- _Task details_: Return each line below exactly as it reads, and omit any image in it.

- _Supplied material_:
————————

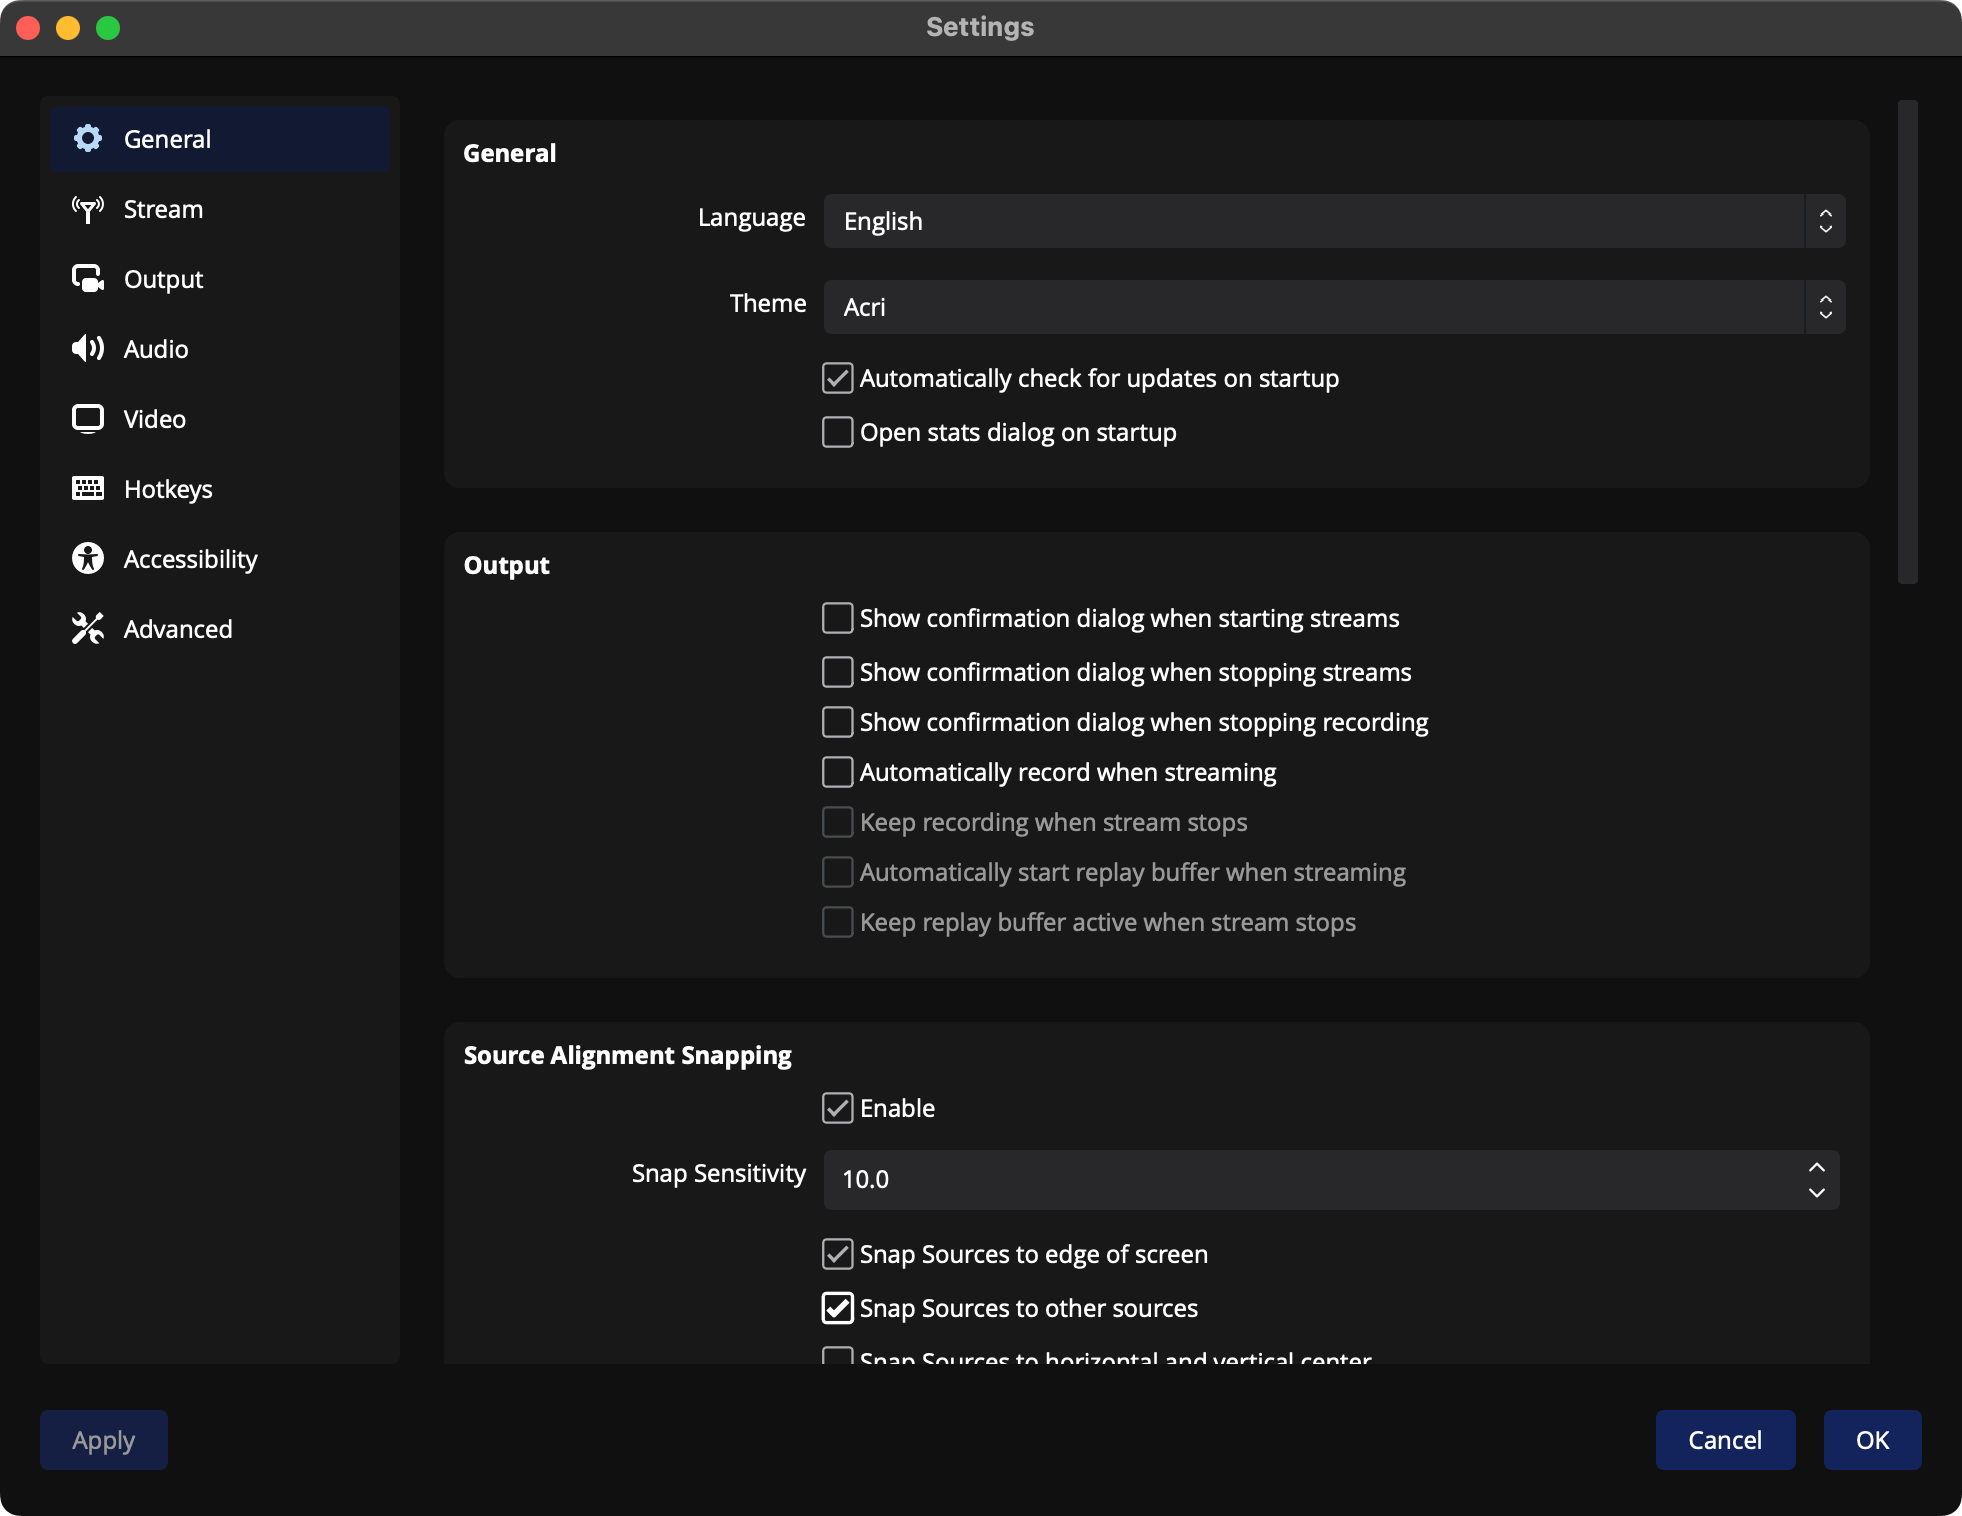 OBS Studio's settings window showing the Acri theme
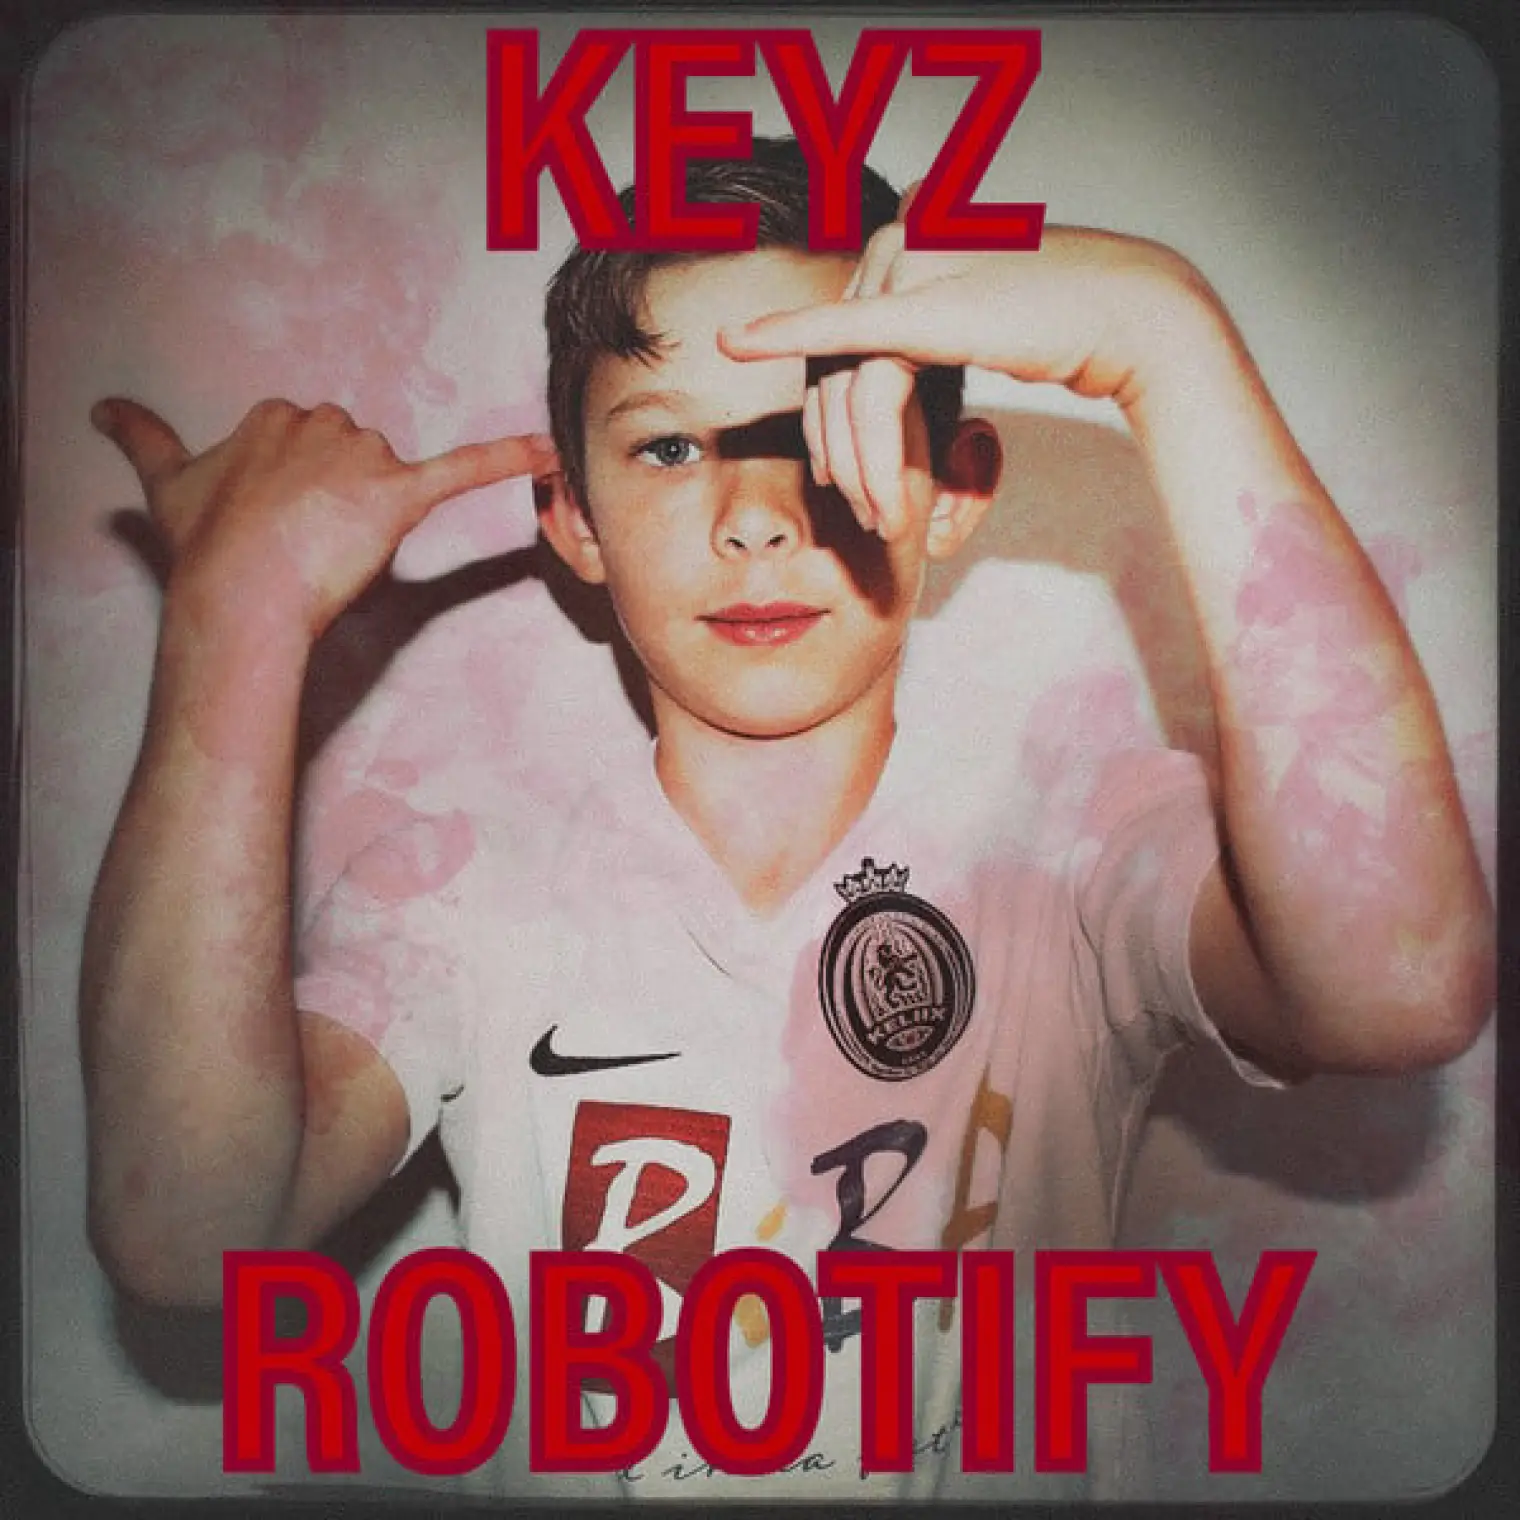 Robotify -  Keyz 
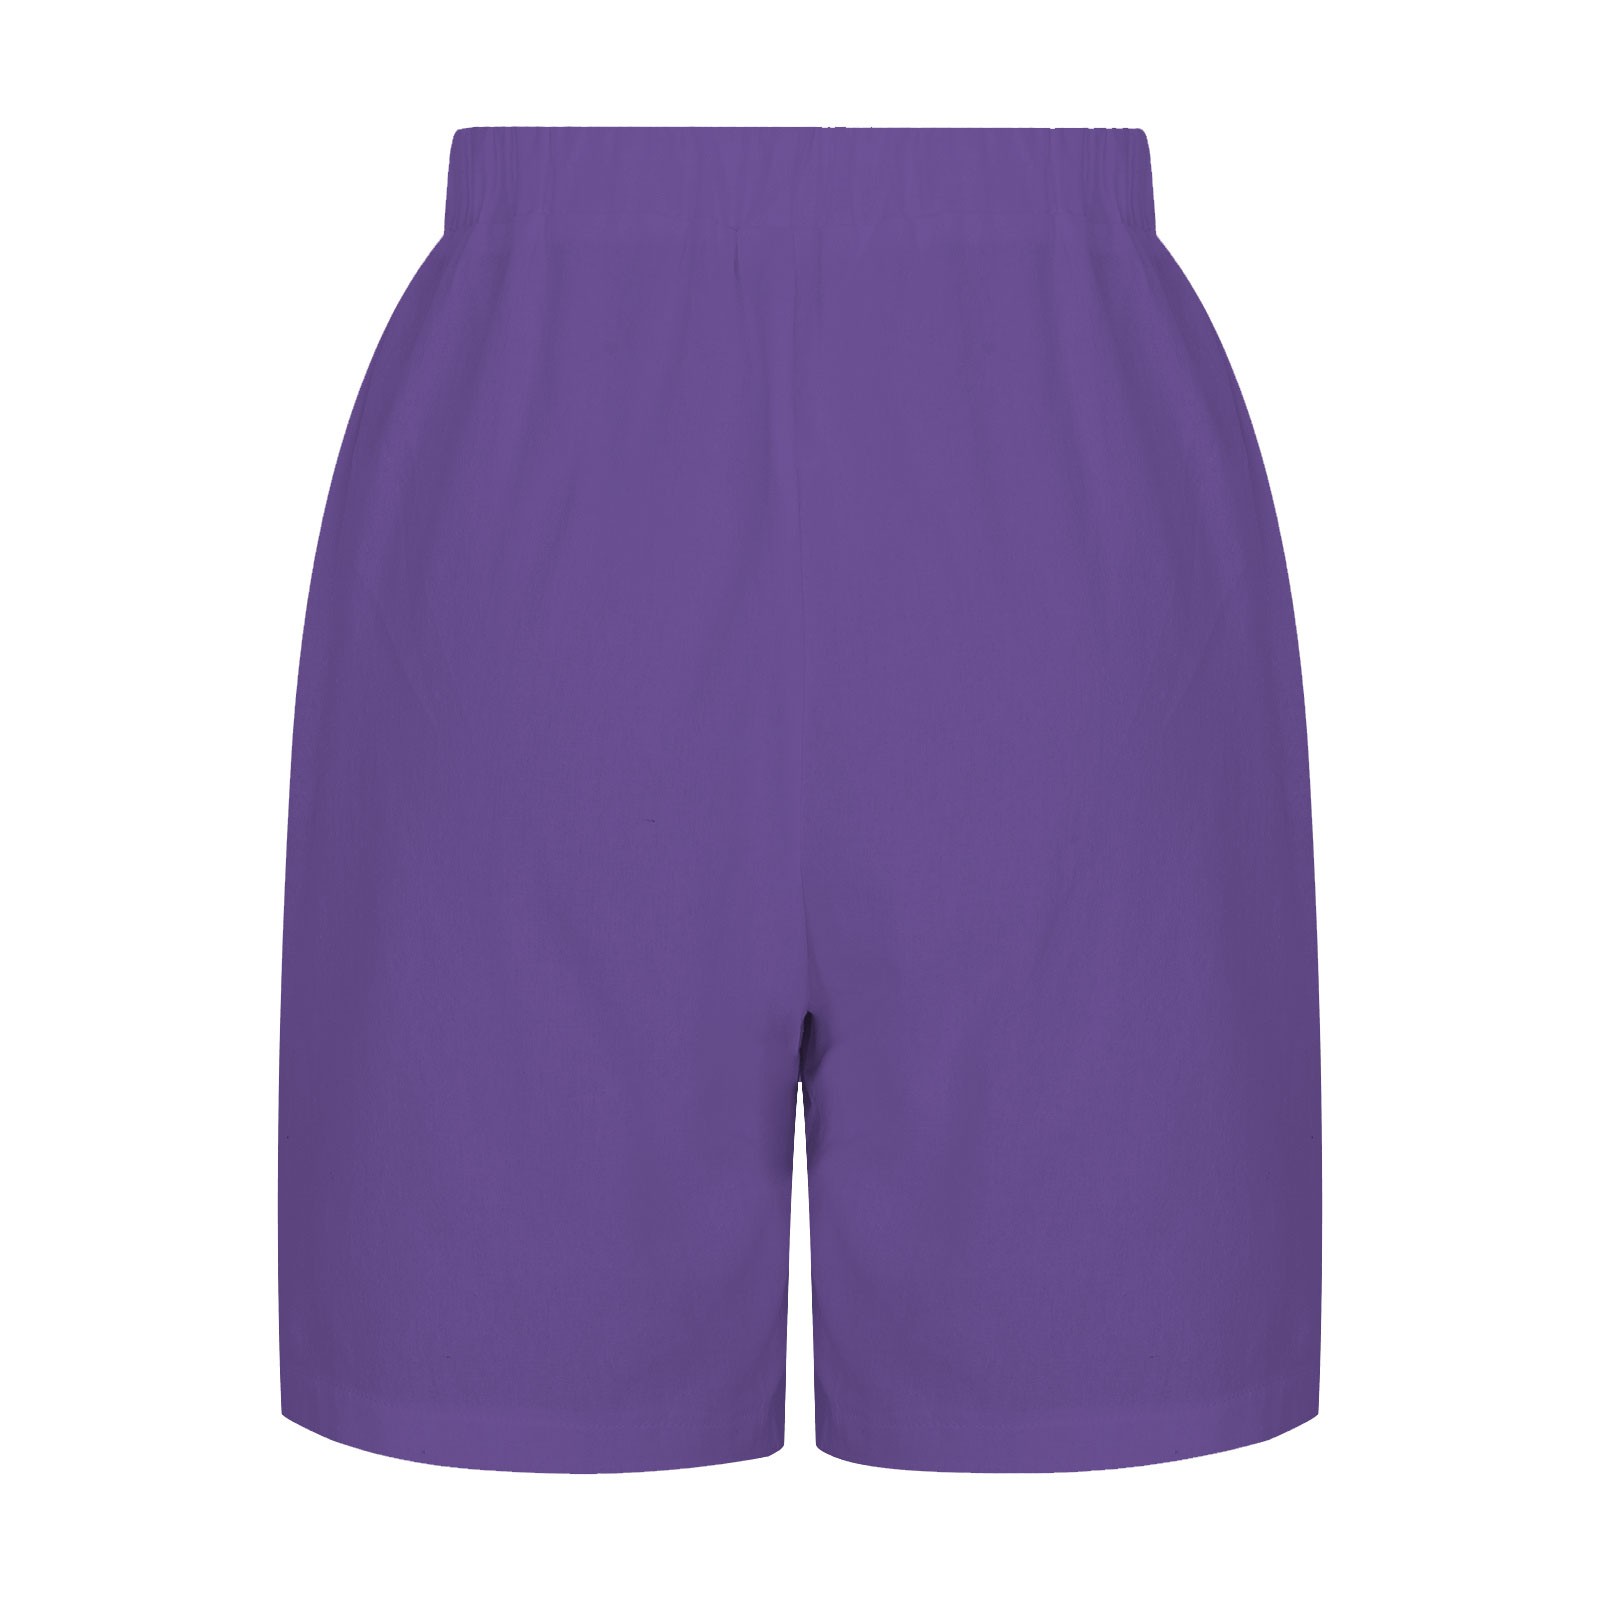 Njoeus Women's Cotton Linen Casual Shorts Drawstring Pull On Short ...

————————

- _Response for this exercise_:
 OBS Studio's settings window showing the Acri theme
 Robotify -  Keyz 
 Njoeus Women's Cotton Linen Casual Shorts Drawstring Pull On Short ...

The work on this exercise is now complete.